_Work request:_ All entries below are to be returned exactly, with pictures left out.

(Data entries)
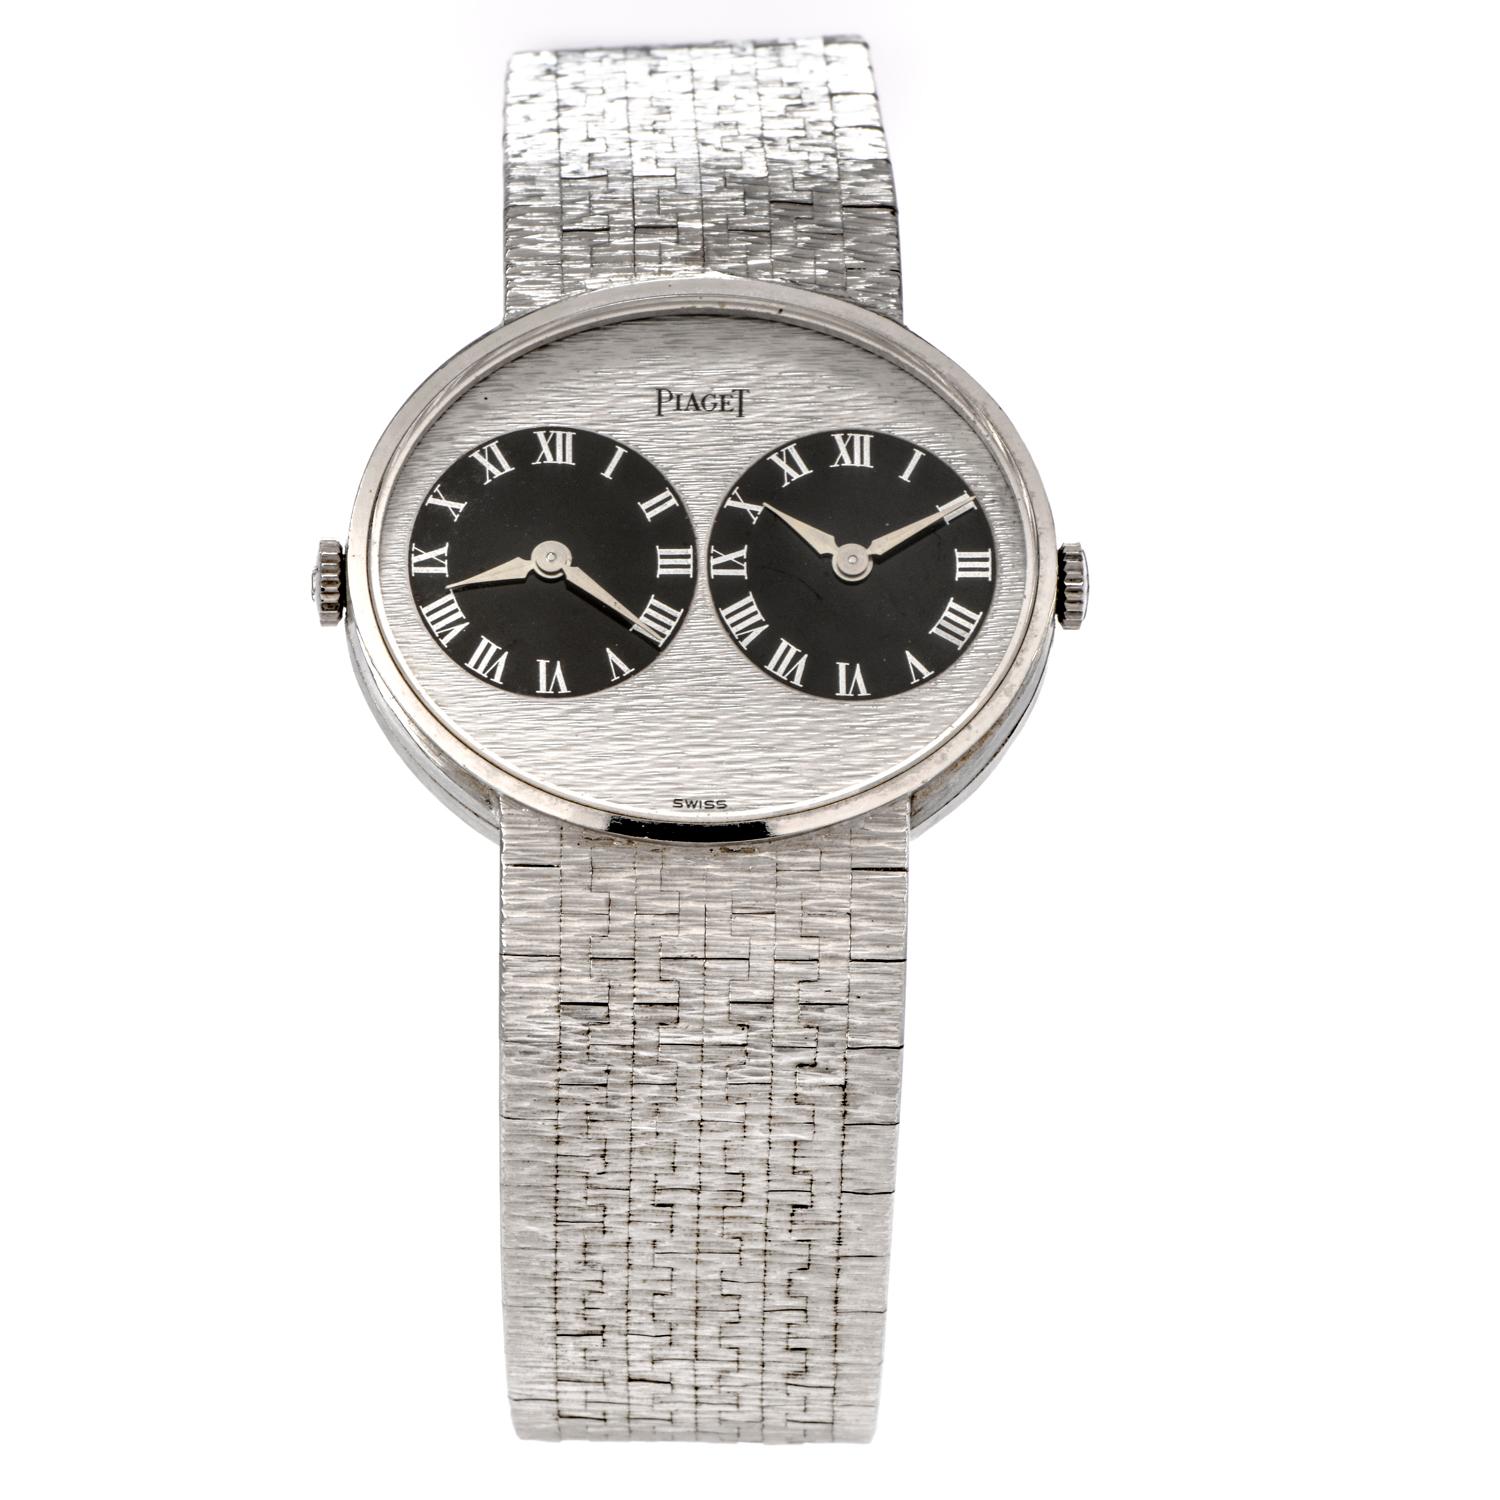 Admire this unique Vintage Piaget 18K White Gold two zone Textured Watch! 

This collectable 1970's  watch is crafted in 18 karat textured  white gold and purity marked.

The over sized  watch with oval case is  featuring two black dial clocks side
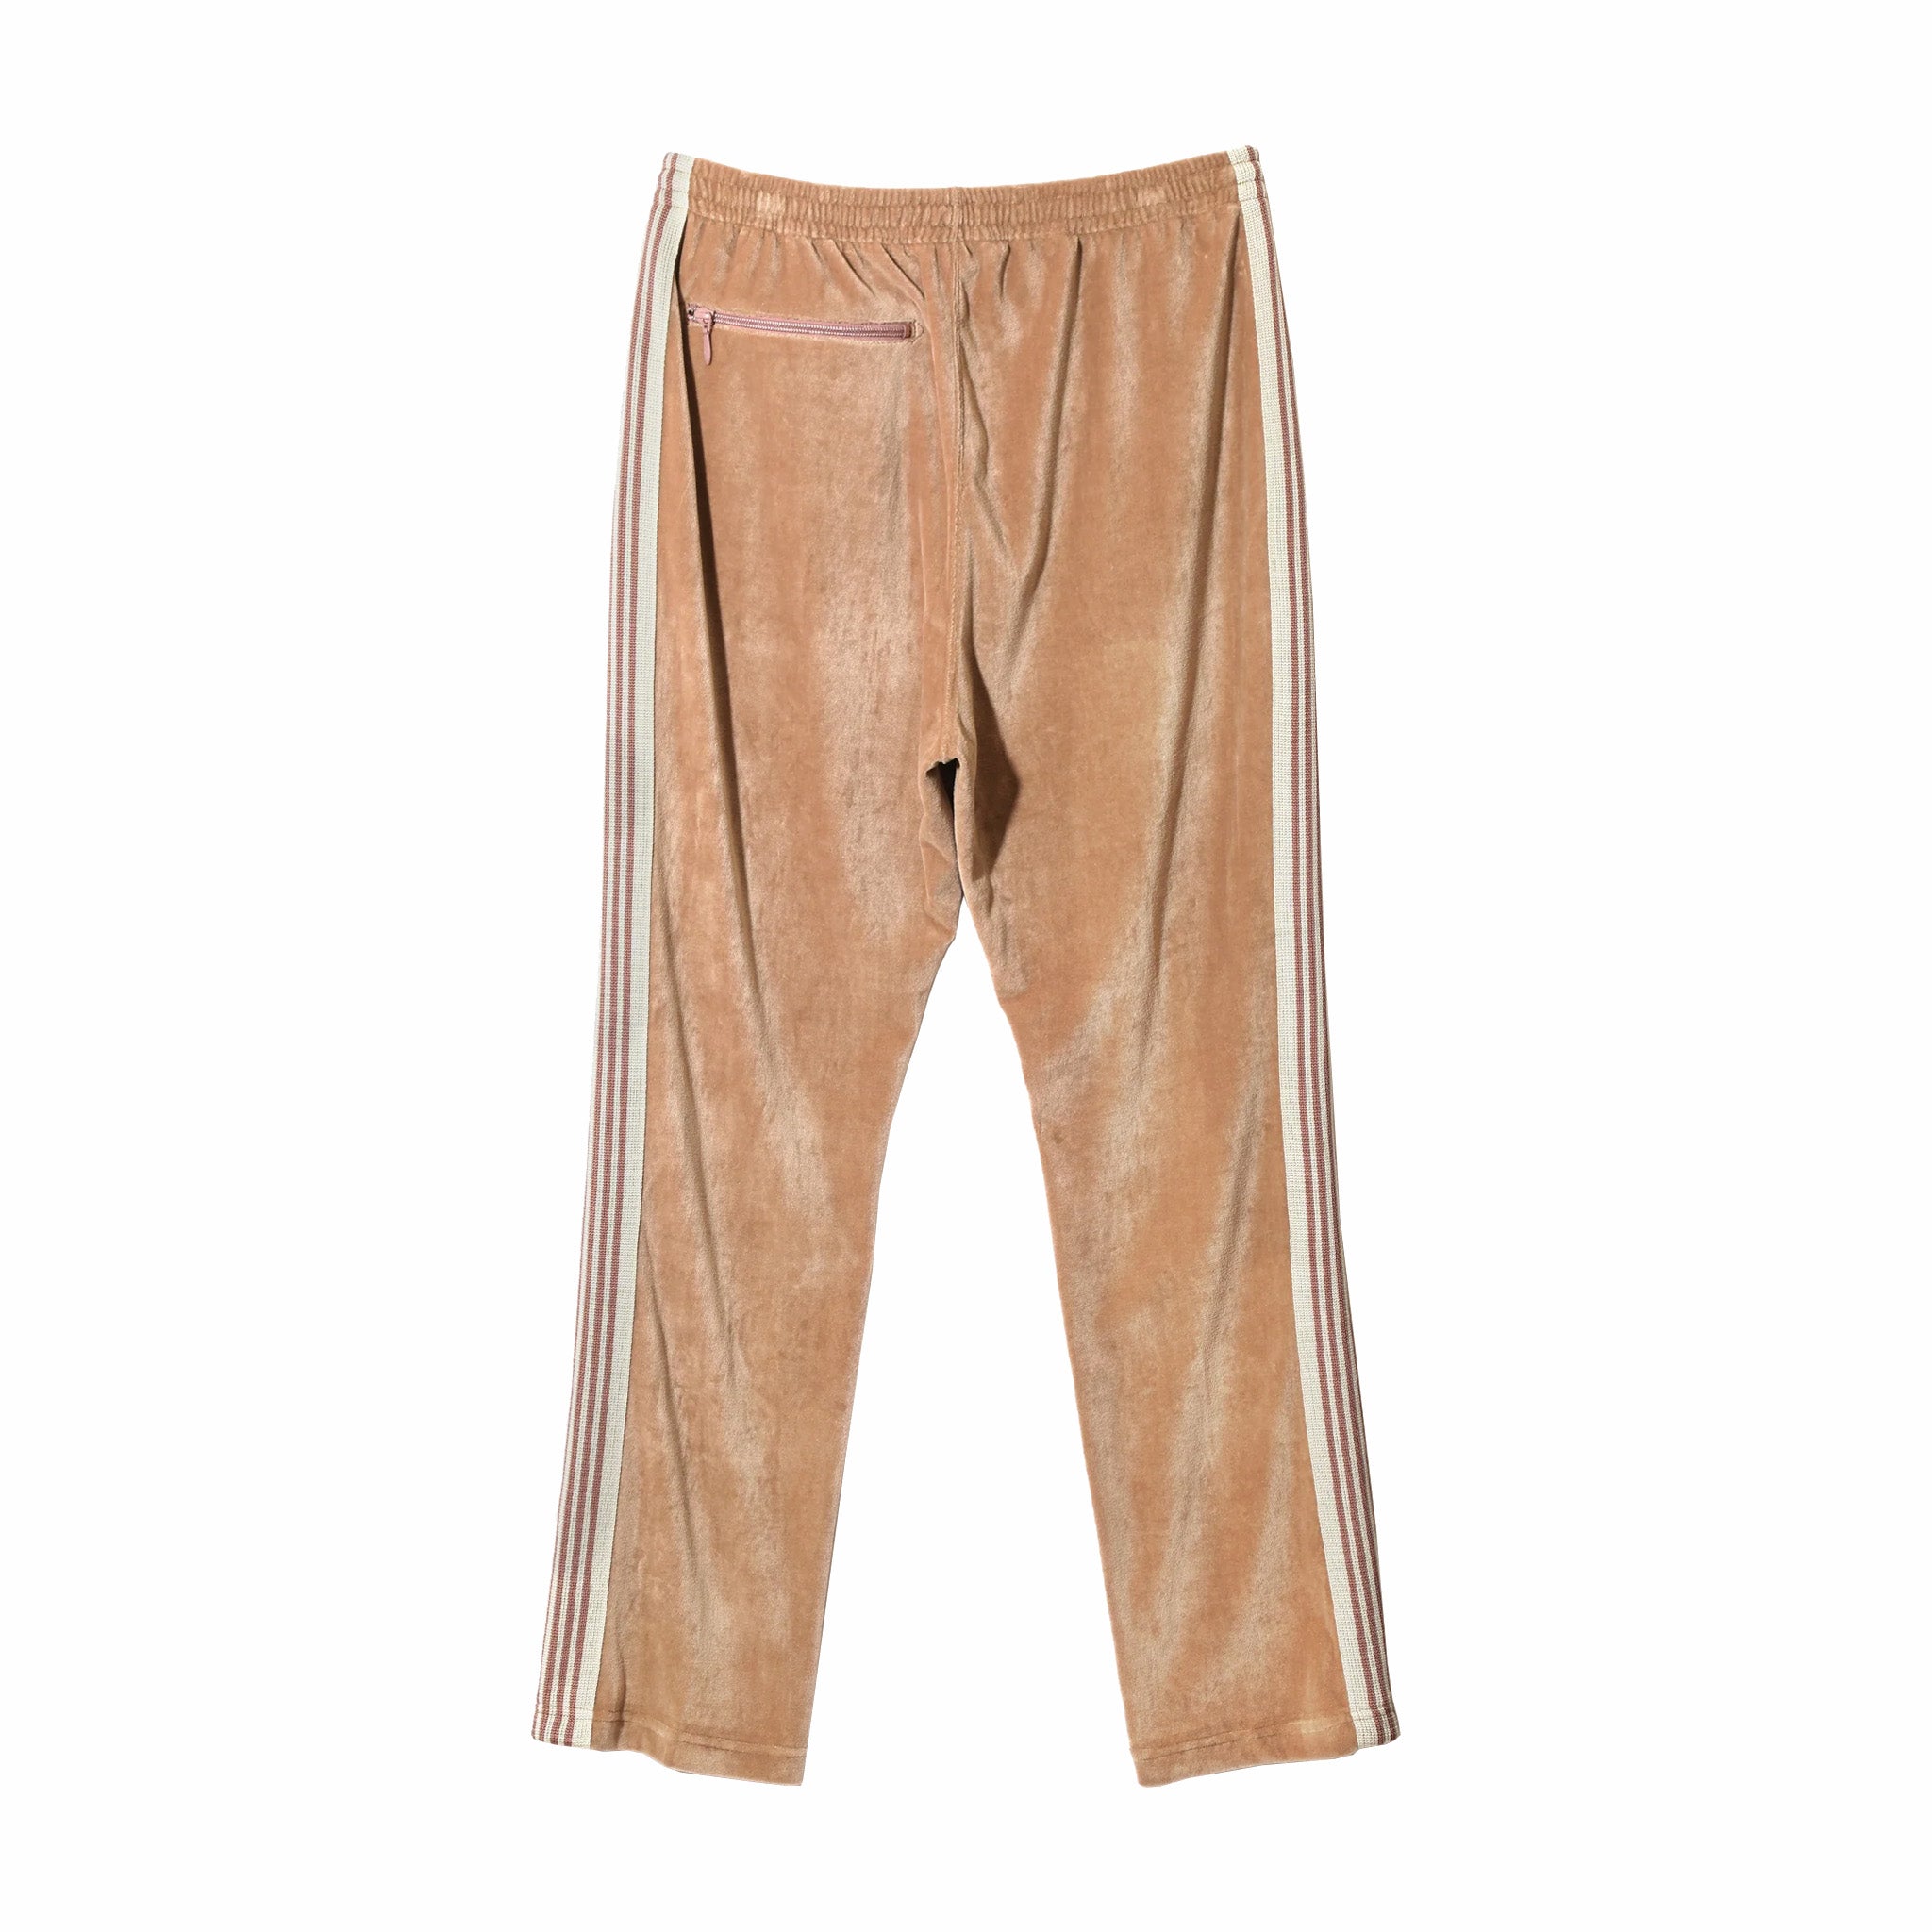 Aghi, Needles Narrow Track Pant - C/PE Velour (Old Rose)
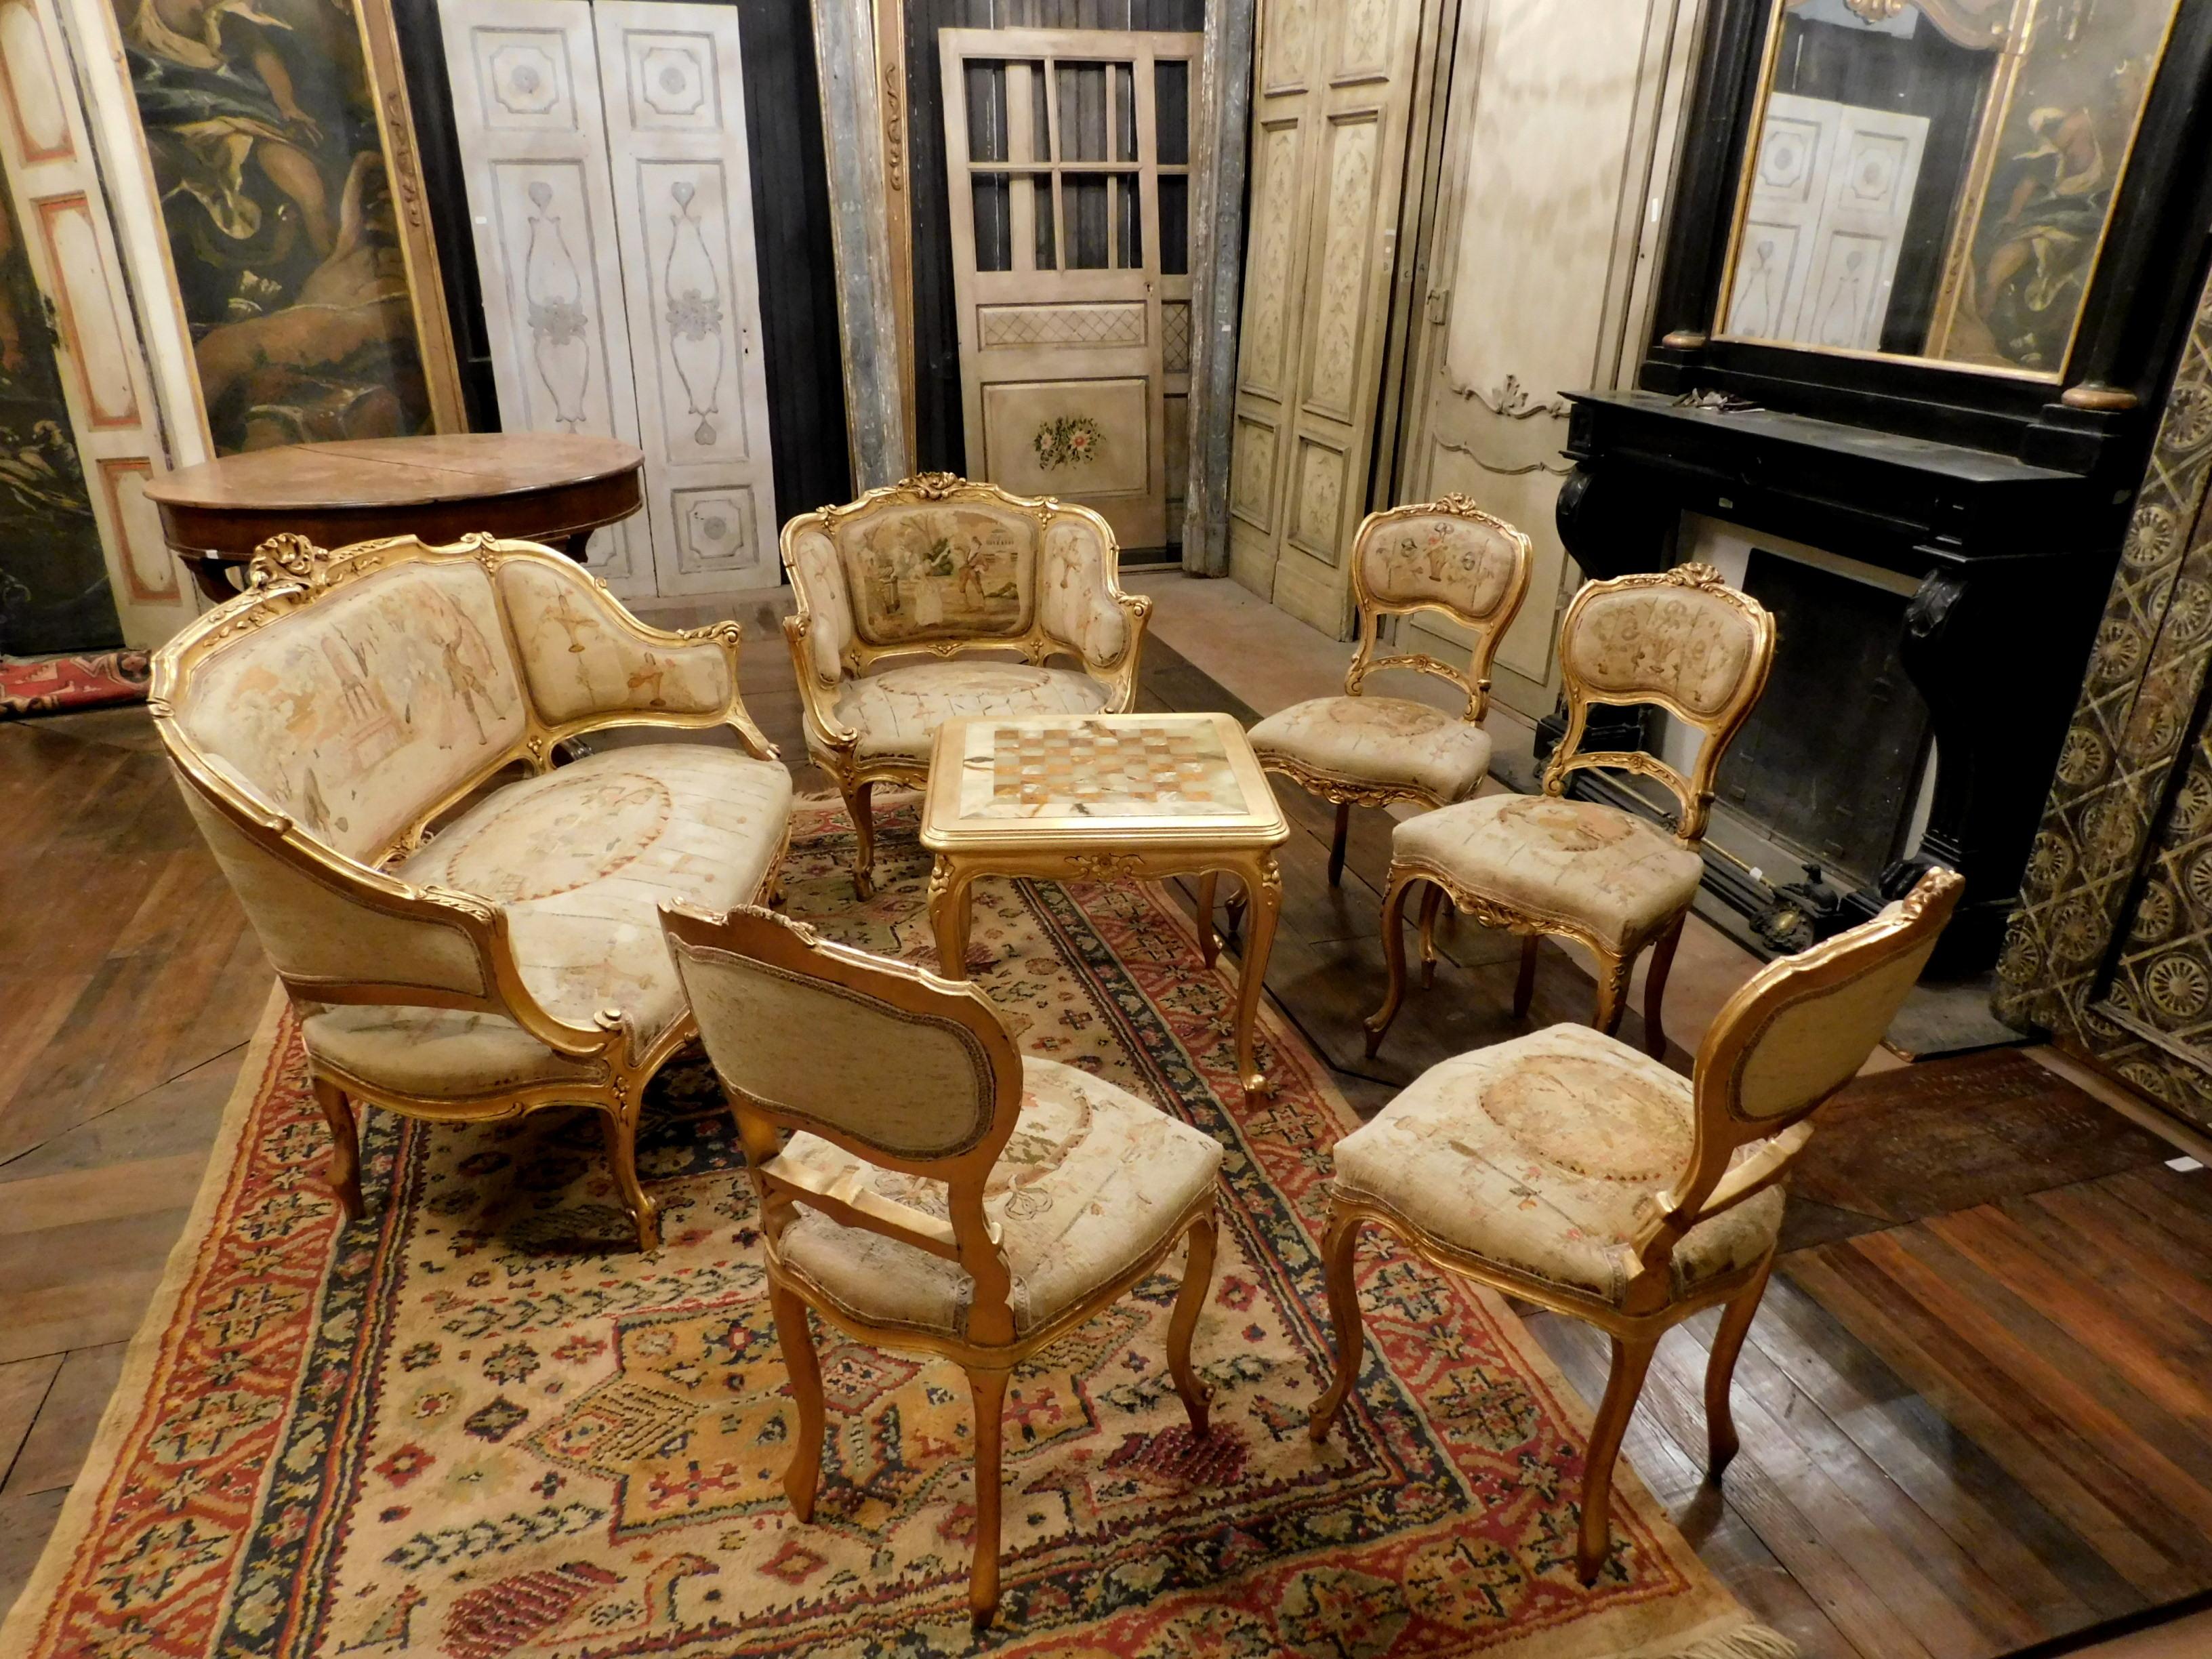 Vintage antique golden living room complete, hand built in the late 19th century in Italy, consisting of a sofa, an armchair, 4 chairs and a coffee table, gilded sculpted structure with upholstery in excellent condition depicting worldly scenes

_Exercise result:_
 Admire this unique Vintage Piaget 18K White Gold two zone Textured Watch! 

This collectable 1970's  watch is crafted in 18 karat textured  white gold and purity marked.

The over sized  watch with oval case is  featuring two black dial clocks side
 Aghi, Needles Narrow Track Pant - C/PE Velour (Old Rose)
 Vintage antique golden living room complete, hand built in the late 19th century in Italy, consisting of a sofa, an armchair, 4 chairs and a coffee table, gilded sculpted structure with upholstery in excellent condition depicting worldly scenes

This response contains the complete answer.